_Data for analysis_

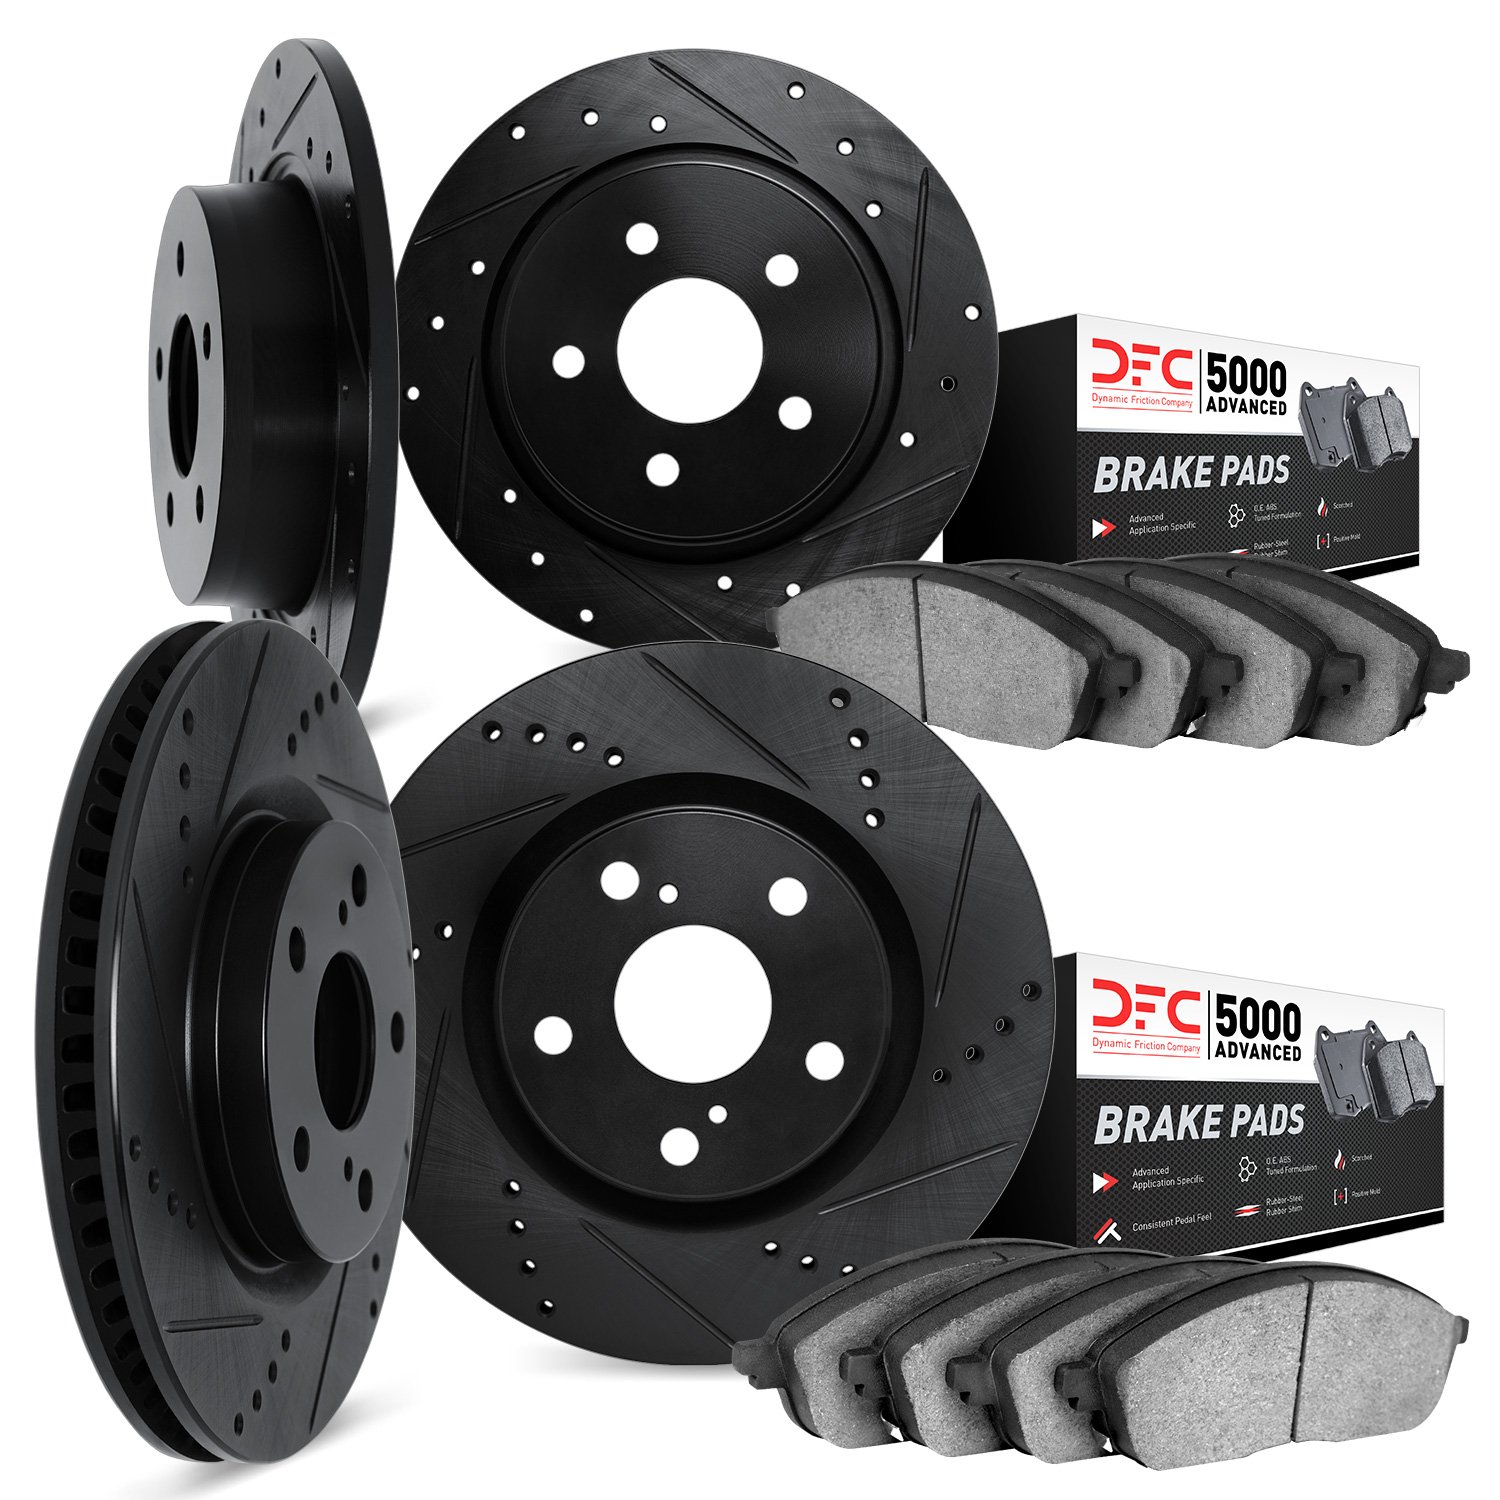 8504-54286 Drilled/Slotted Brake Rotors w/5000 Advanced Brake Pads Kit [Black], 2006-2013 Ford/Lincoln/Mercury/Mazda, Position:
* * *
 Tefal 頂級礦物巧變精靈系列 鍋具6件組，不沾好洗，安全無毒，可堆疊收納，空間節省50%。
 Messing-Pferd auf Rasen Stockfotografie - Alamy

_The task_
Taking the records above, retype every line from the one with "Tefal 頂級礦物巧變精靈系列 鍋具6件組，不沾好洗，安全無毒，可堆疊收納，空間節省50%。" down to the one with "Messing-Pferd auf Rasen", exactly and with nothing else.

_Result of this task_
 Tefal 頂級礦物巧變精靈系列 鍋具6件組，不沾好洗，安全無毒，可堆疊收納，空間節省50%。
 Messing-Pferd auf Rasen Stockfotografie - Alamy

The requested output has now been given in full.